Supplied information |
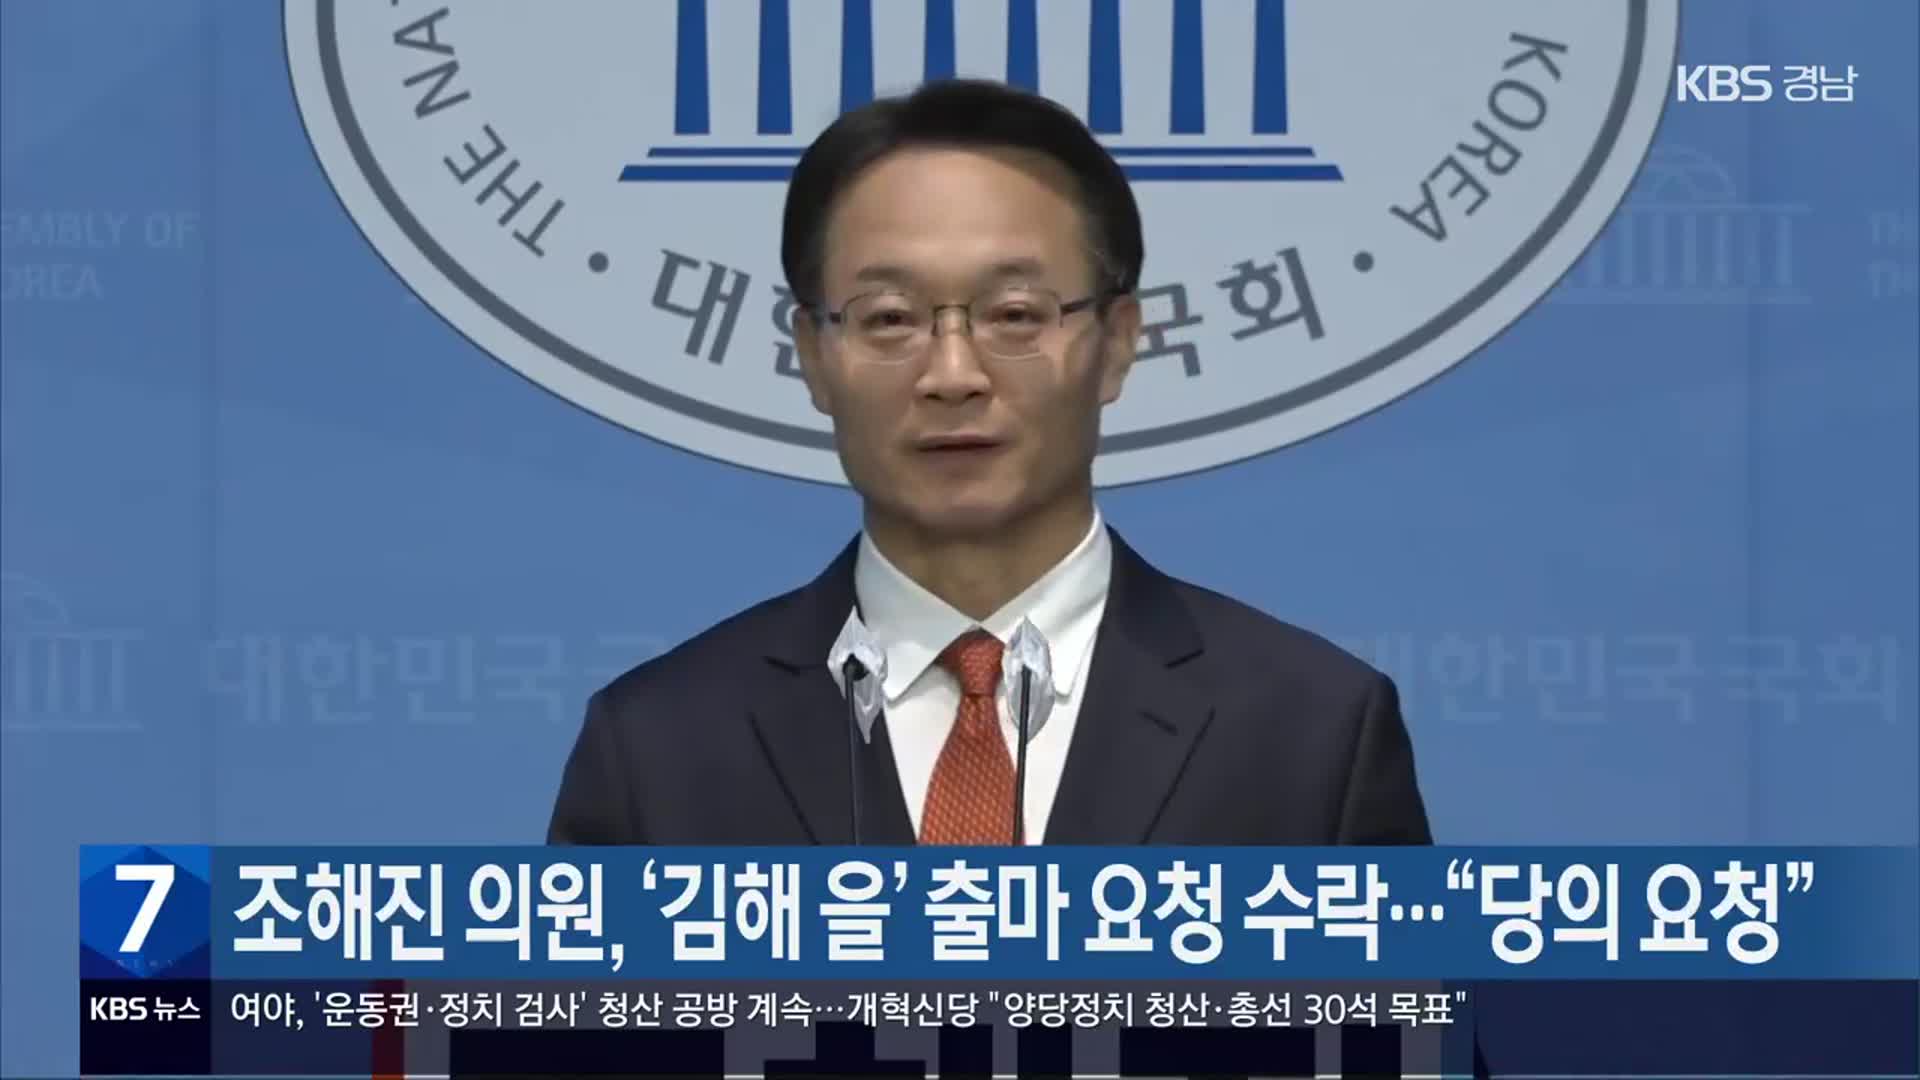 조해진 의원, ‘김해 을’ 출마 요청 수락…“당의 요청”
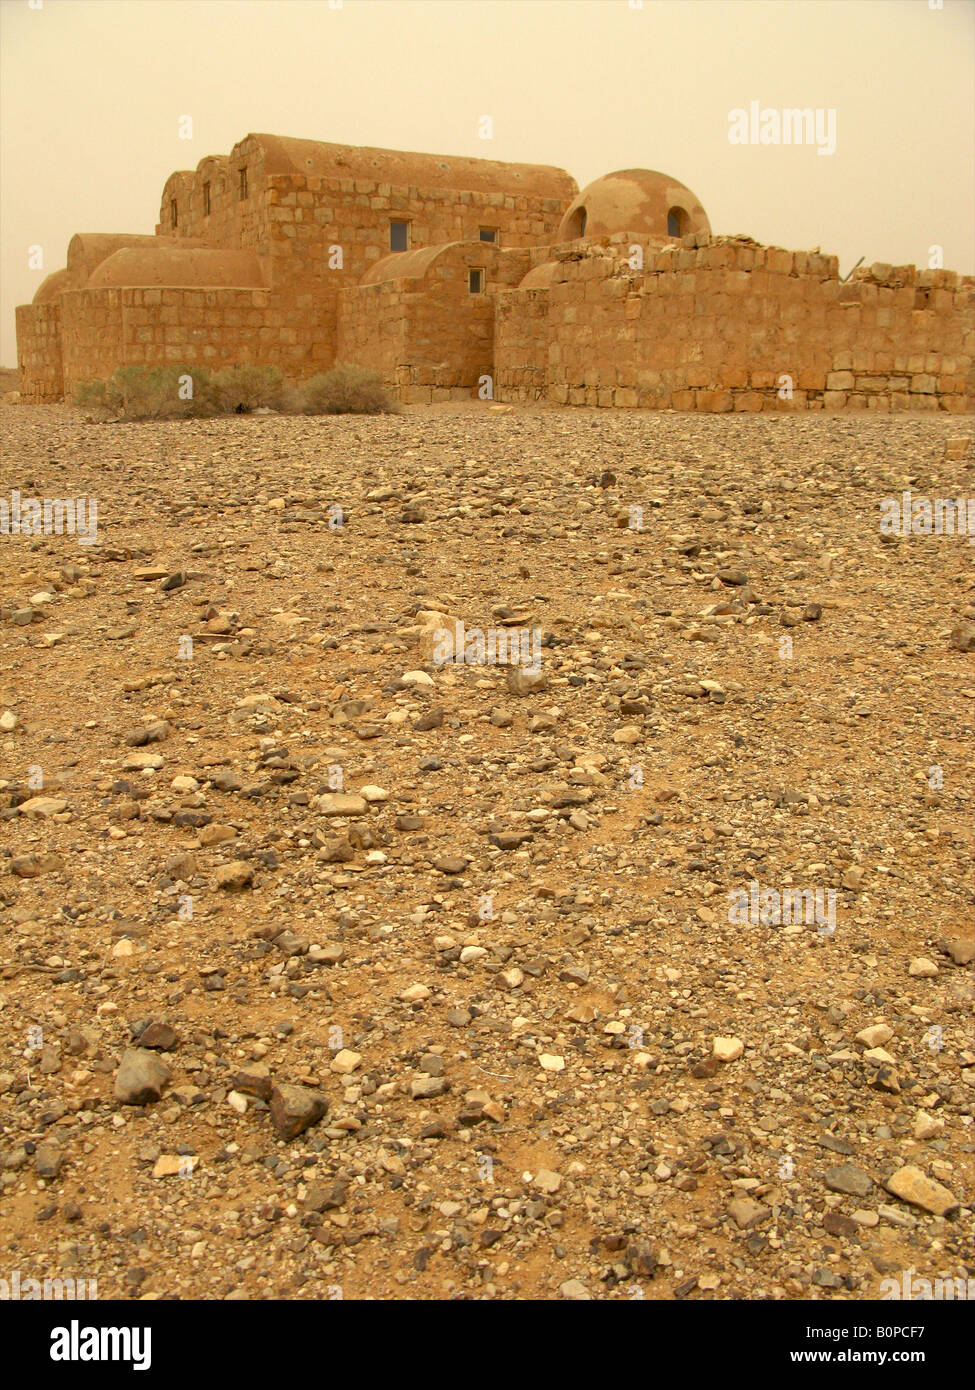 Qusayr Amra château du désert, UNESCO World Heritage Site, Jordanie, Moyen-Orient Banque D'Images
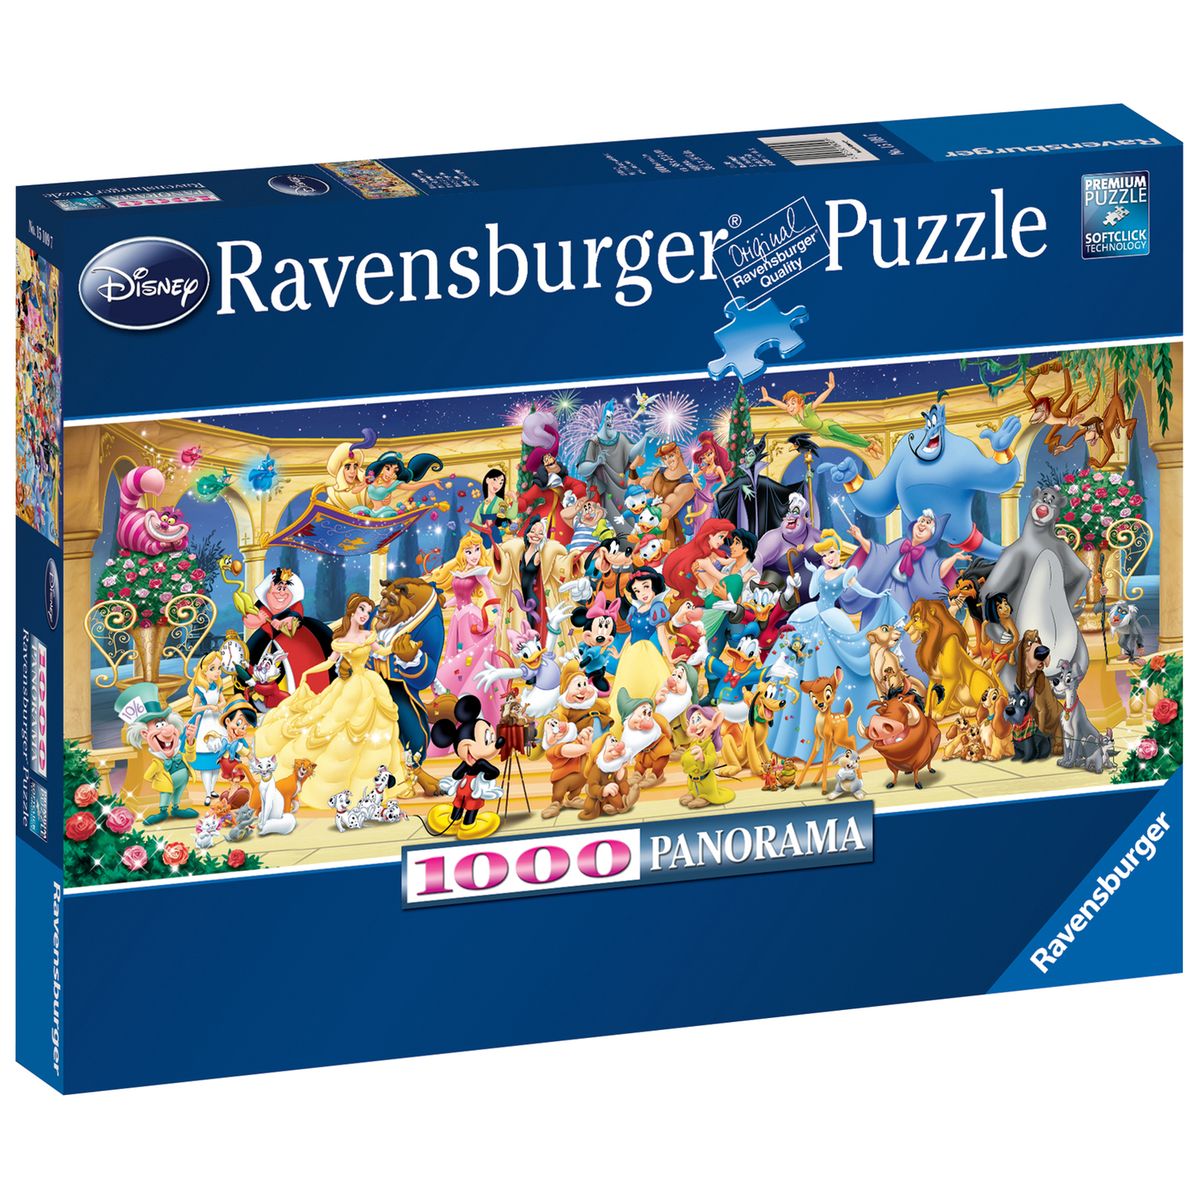 Ravensburger 15109 Disney photo de groupe 1000 pièces Puzzle panorama 
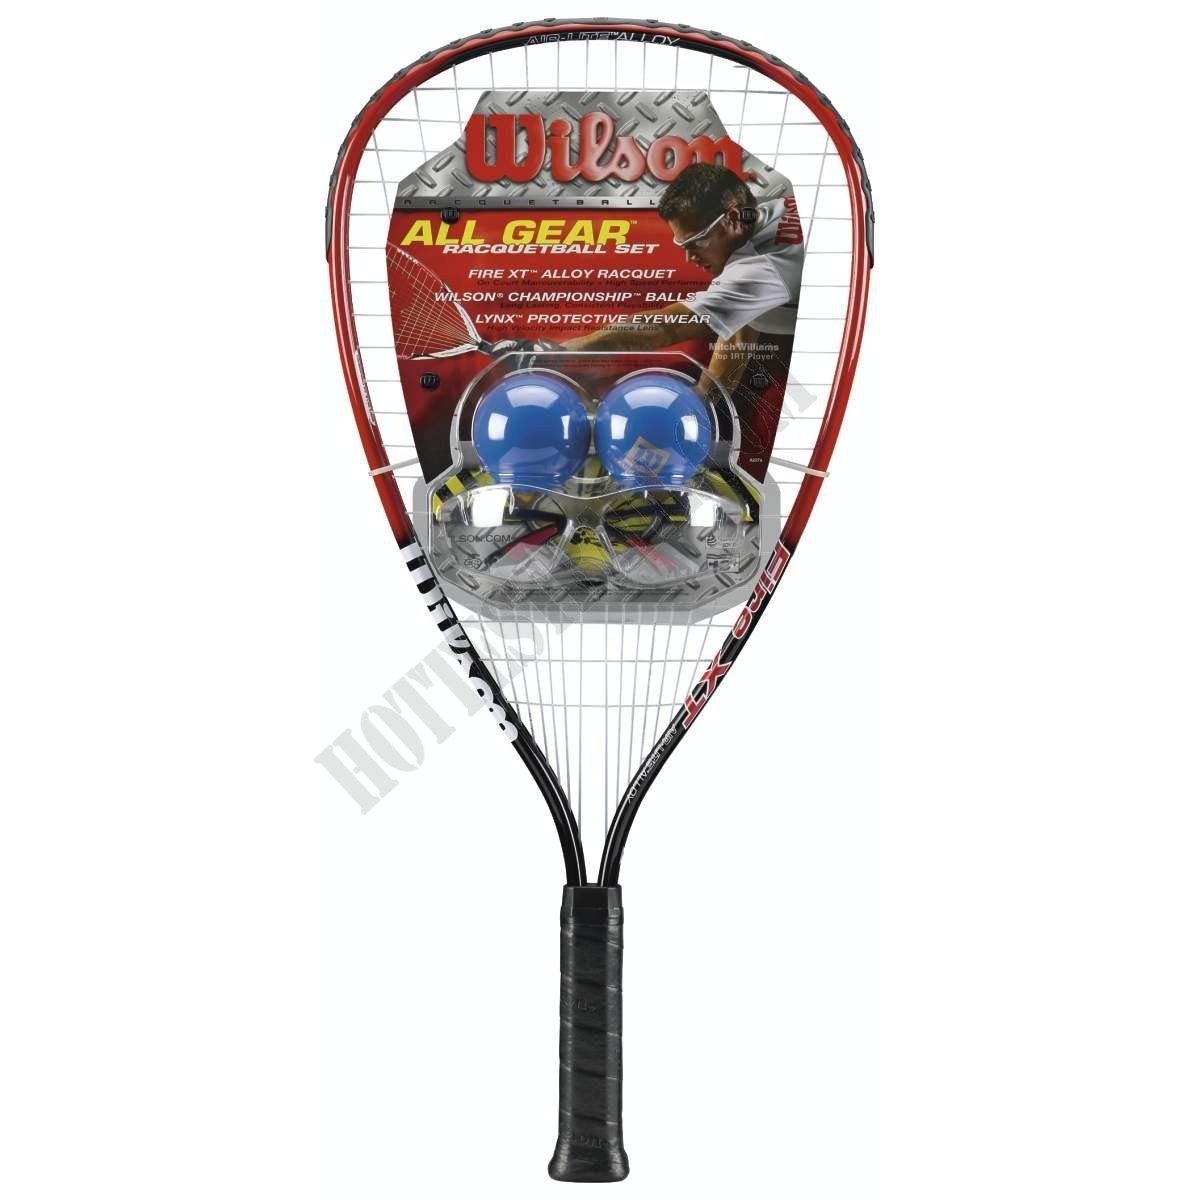 Racketball All Gear Set - Wilson Discount Store - Racketball All Gear Set - Wilson Discount Store

Required work | Print only the lines from the first line of the data above through the one containing "Ravensburger 15109 Disney", exactly as they are, with pictures omitted.

Answer box |
 조해진 의원, ‘김해 을’ 출마 요청 수락…“당의 요청”
 Qusayr Amra château du désert, UNESCO World Heritage Site, Jordanie, Moyen-Orient Banque D'Images
 Ravensburger 15109 Disney photo de groupe 1000 pièces Puzzle panorama 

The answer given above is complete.